RMSE(model_some$fitted.values, happy$Ladder.score)
#> [1] 0.5931968
RMSE(model_both$fitted.values, happy$Ladder.score)
#> [1] 0.5312525
RMSE(model_all$fitted.values, happy$Ladder.score)
#> [1] 0.5288616
prediction <- predict(object = model_both, newdata = happy)
head(predict(model_all, newdata = happy,
        level = 0.95, interval = "prediction"))
#>        fit      lwr      upr
#> 1 7.079317 5.964311 8.194323
#> 2 7.189548 6.079186 8.299910
#> 3 7.138321 6.040998 8.235645
#> 4 7.021626 5.930484 8.112769
#> 5 7.040740 5.942746 8.138735
#> 6 7.237320 6.136644 8.337995

6 Statistical Asumptions

6.1 Normality of Residuals

  • Statistical test for model_both
hist(model_both$residuals)

shapiro.test(model_both$residuals)
#> 
#>  Shapiro-Wilk normality test
#> 
#> data:  model_both$residuals
#> W = 0.97079, p-value = 0.002893

Shapiro-Wilk hypothesis test:

  • H0: error/residual distributed normally
  • H1: error/residual not distributed normally
    We want error in our model distributed normally (P-value > 0.05)

Insight:

  • Error not distributed normally because P-value < 0.05
  • We try to test model_some to check whether that model is accepted by statistical rules.

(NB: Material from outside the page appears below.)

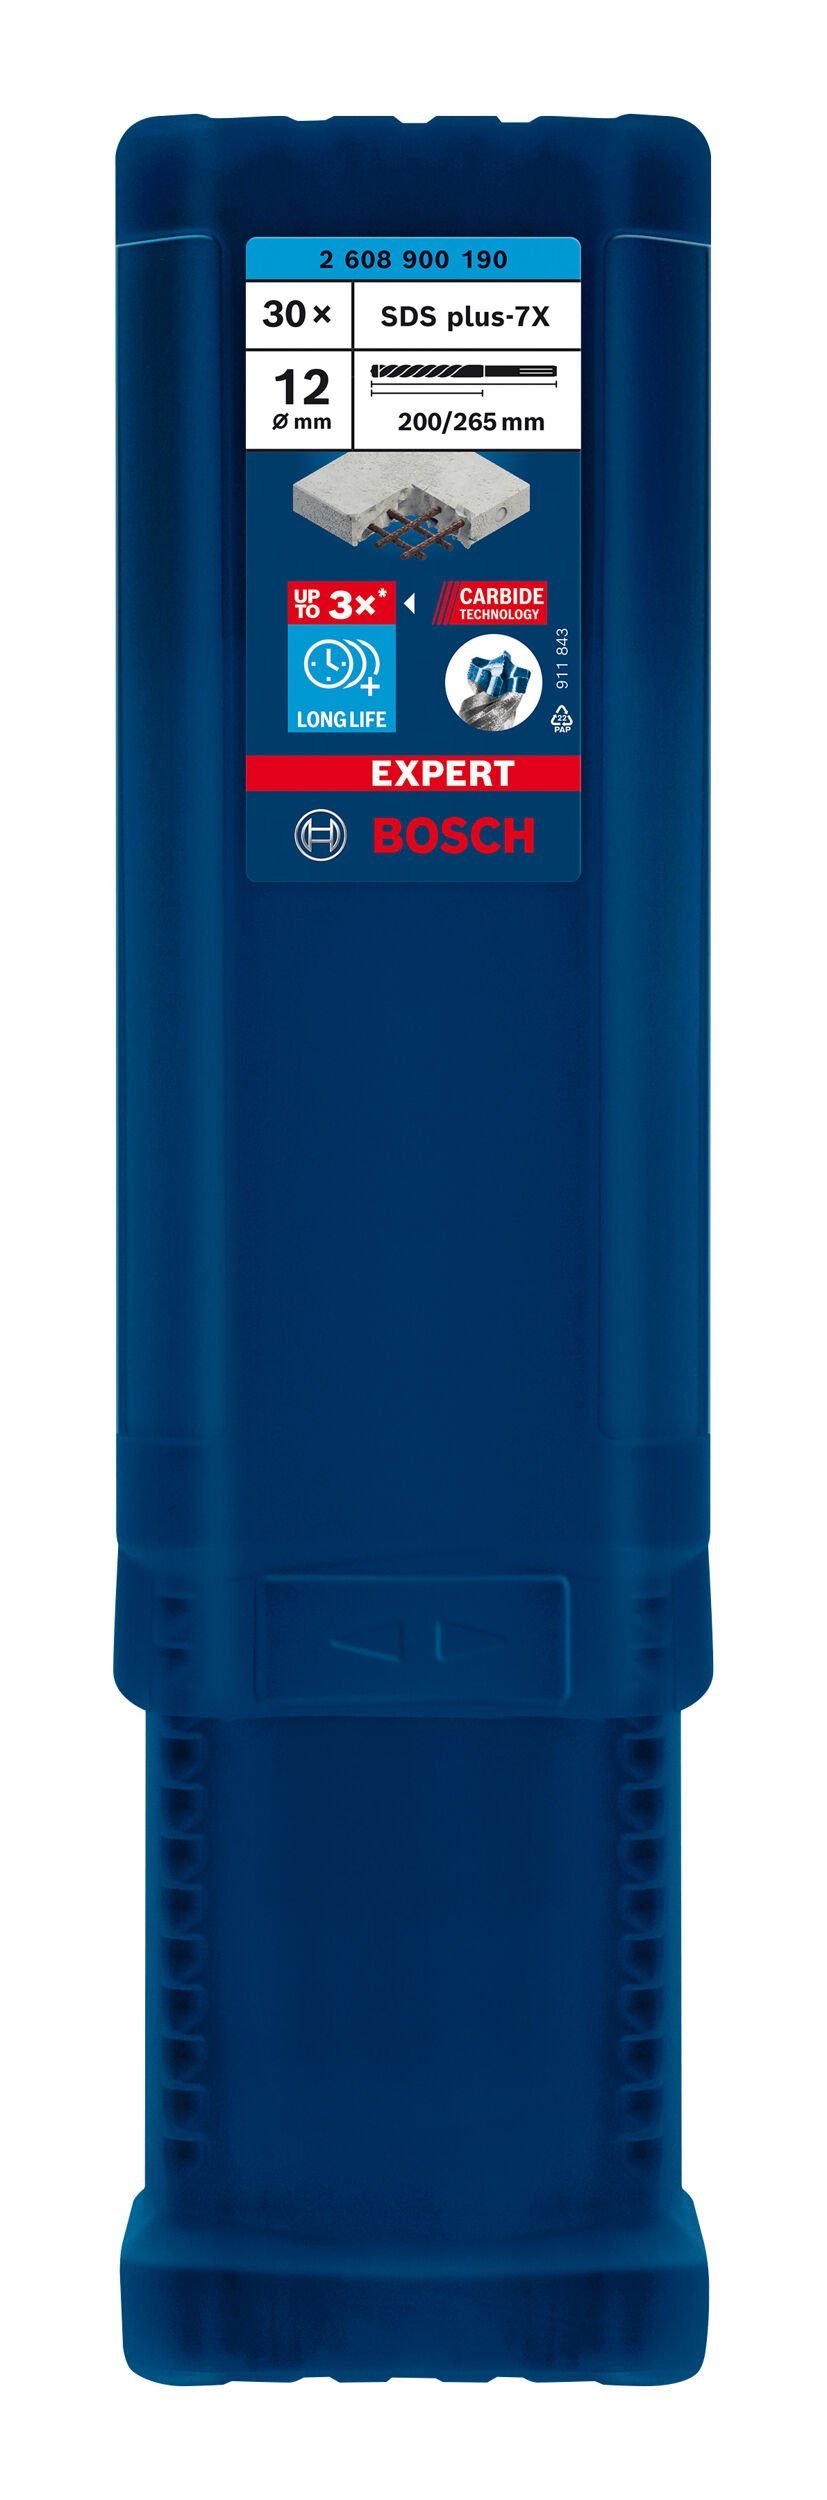 BOSCH Universalbohrer Expert SDS plus-7X, 30er-Pack - 200 266 (30 - Hammerbohrer x mm Stück), 12 x

  • Statistical test for model_some
hist(model_some$residuals)

shapiro.test(model_some$residuals)
#> 
#>  Shapiro-Wilk normality test
#> 
#> data:  model_some$residuals
#> W = 0.9924, p-value = 0.6143

Insight:

  • Error in model_some is distributed normally because P-value < 0.05

6.2 Homoscedasticity

Breusch-Pagan hypothesis test:

  • H0: error variance spreading constantly (Homoscedasticity is not present)
  • H1: error variance not spreading constantly/ build a pattern (Heteroscedasticity is present)
bptest(model_some)
#> 
#>  studentized Breusch-Pagan test
#> 
#> data:  model_some
#> BP = 6.0644, df = 3, p-value = 0.1085

Homoscedasticity Plot:

plot(model_some$fitted.values, model_some$residuals)
abline(h = 0, col = "red")

Insight:

  • With p-value > 0.05, we can conclude that heteroscedasticity is not present.

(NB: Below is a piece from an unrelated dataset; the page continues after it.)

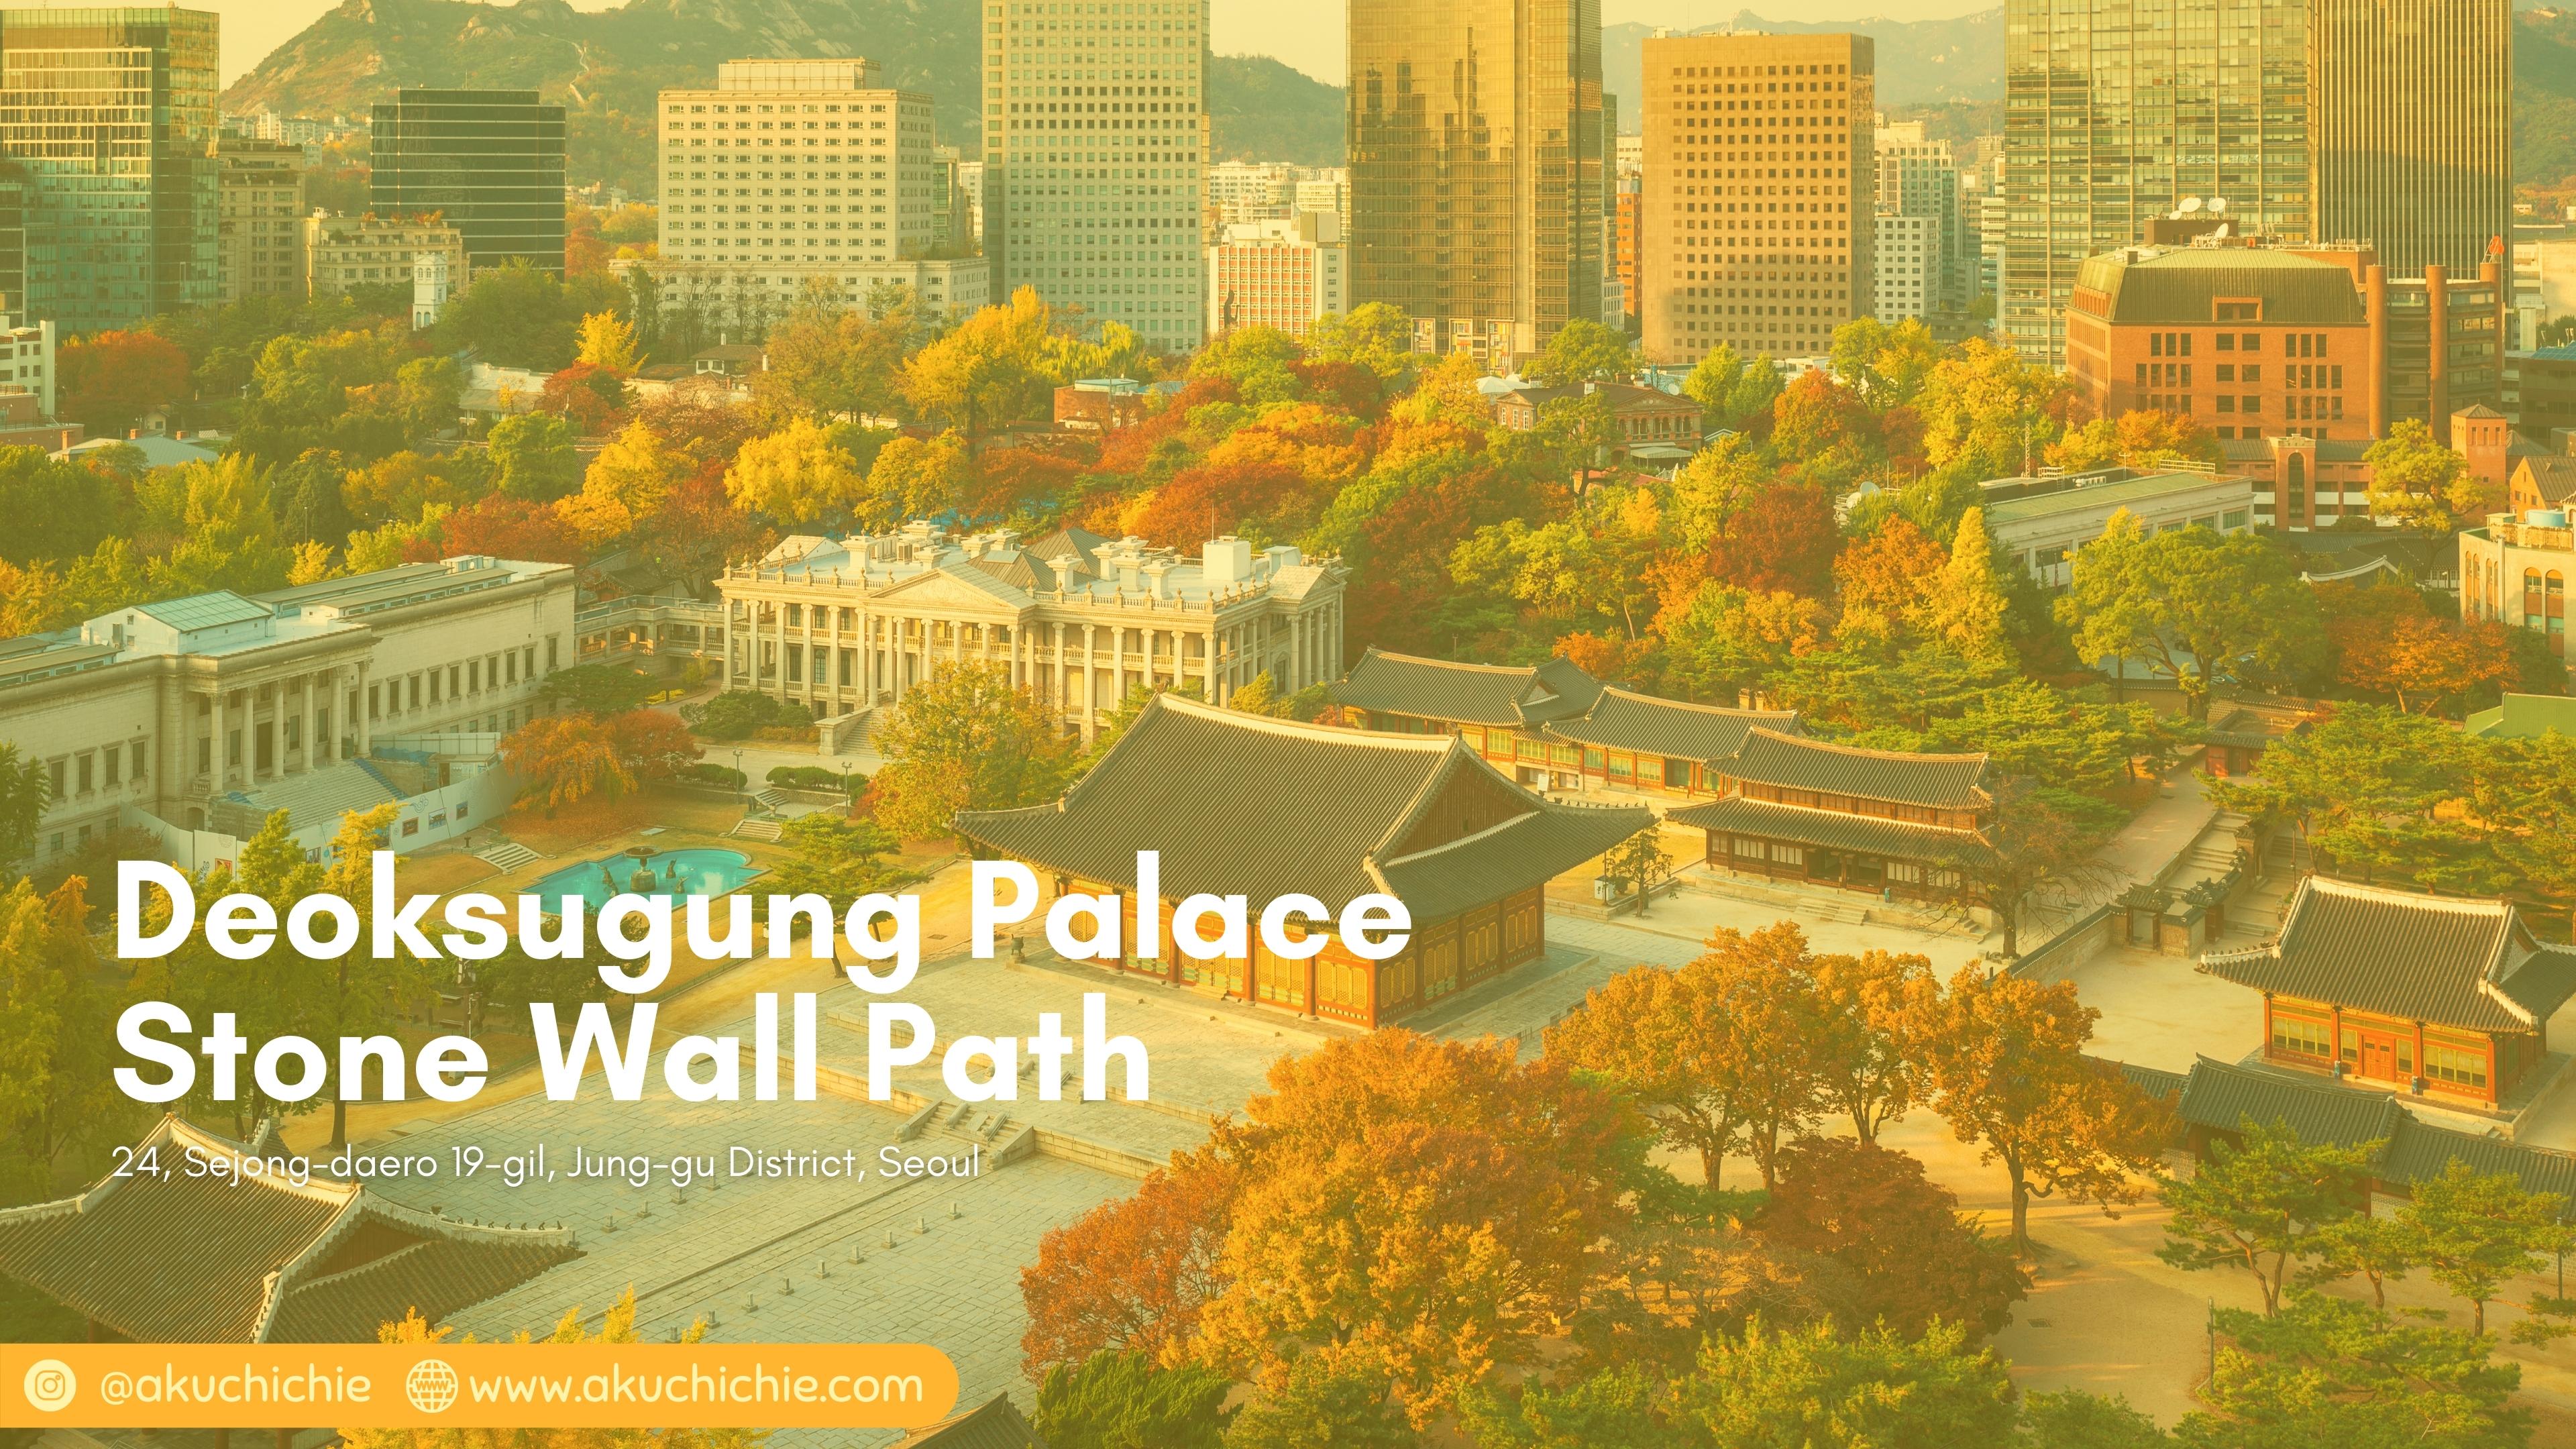 Deoksugung Palace Stone Wall Path

6.3 Variance Inflation Factor (Multicollinearity)

vif(model_some)
#>   Logged.GDP.per.capita          Social.support Healthy.life.expectancy 
#>                4.874626                2.671151                3.917951

Insight:

  • No variable with VIF that is greater than or equal to 10, therefore Multicollinearity is not present.

7 Conclusion

  • Based on error that is generated by each model, the best model to be used is model_all which using all variable predictor, because this model have the smaller error than other model, which is 0.5288616.
  • Even though model_all is the best model in terms of smallest error, but model_some is the one that fulfill statistical asumptions. This model only have Adjusted R-square of 0.6865.
  • Variable predictor used in making model_some are variables that have strong correlation with target variable (> 0.7), which is Logged GDP per capita, Social support, and Healthy life expectancy.